16. Use of a binding protein according to any one of claims 1 to 10 in the manufacture of a diagnostic agent or kit for the diagnosis of breast, lung, ovarian, lung adenocarcinoma or colorectal cancer.

17. A method of detecting CA15-3 in a test sample, comprising:

a) Contacting the CA15-3 antigen in the test sample with the binding protein of any one of claims 1-10 under conditions sufficient for an antibody/antigen binding reaction to occur to form an immune complex; and

b) Detecting the presence of the immune complex, the presence of the complex being indicative of the presence of the CA15-3 in the test sample;

the method is not directed to the diagnosis or treatment of a disease.

18. The method of claim 17, wherein in step a) the immunocomplex further comprises a second antibody, the second antibody binding to the binding protein.

19. The method of claim 17, wherein in step a) the immune complex further comprises a second antibody, which binds to the CA15-3.

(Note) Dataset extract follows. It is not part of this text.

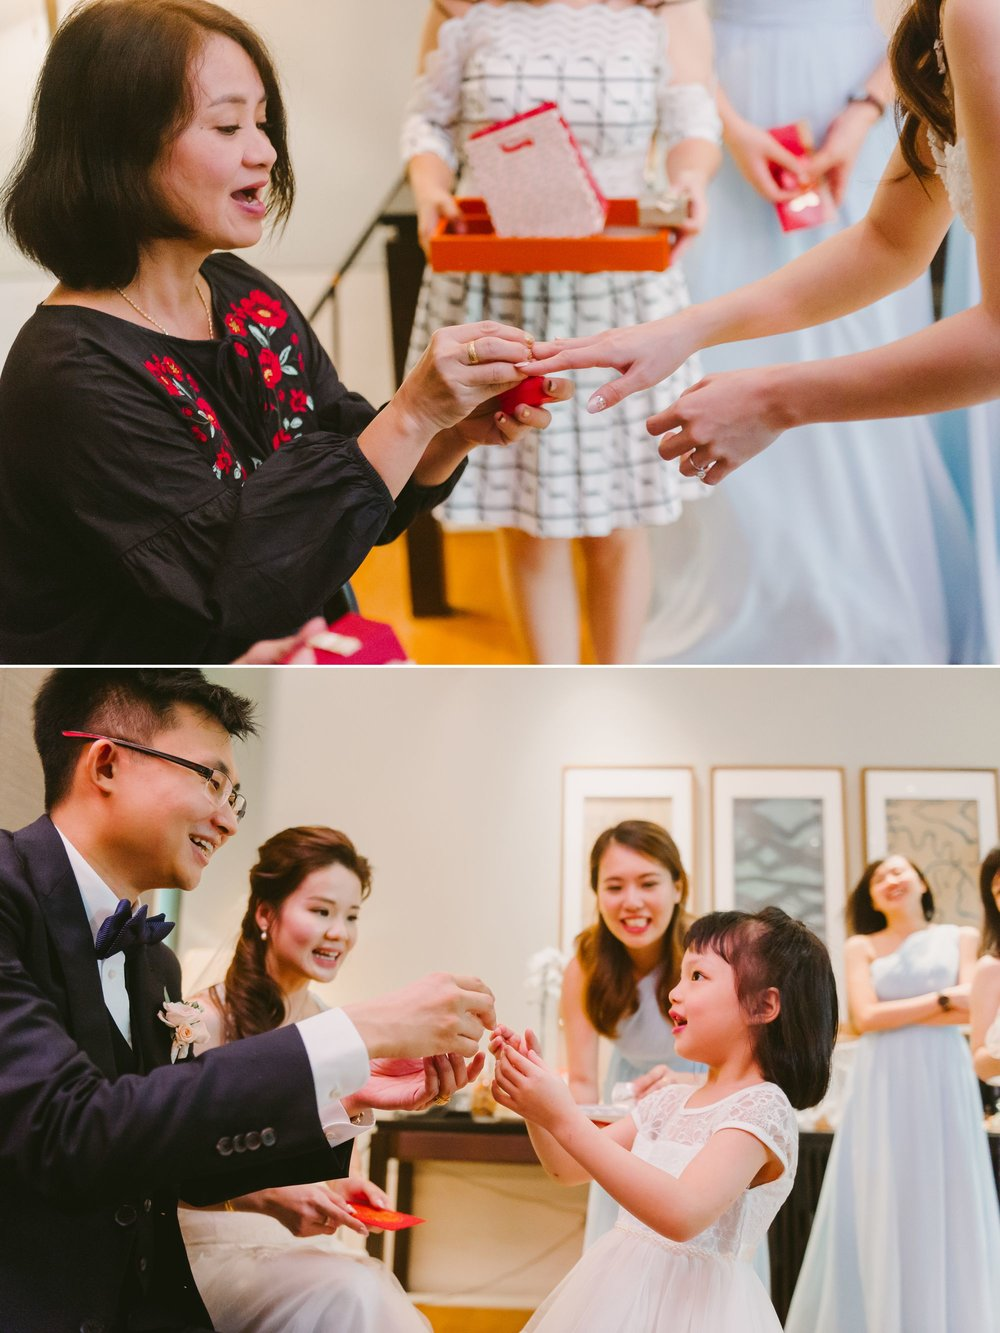 capella_singapore_wedding_ 17.jpg

20. A reagent or kit comprising the binding protein of any one of claims 1 to 10.

21. The reagent or kit of claim 20, further comprising a pharmaceutically acceptable excipient.

22. The reagent or kit of claim 20, wherein the reagent or kit further comprises: one or more of a buffer, a stabilizer, and a diluent.

23. The reagent or kit of claim 20, further comprising a pharmaceutically acceptable carrier.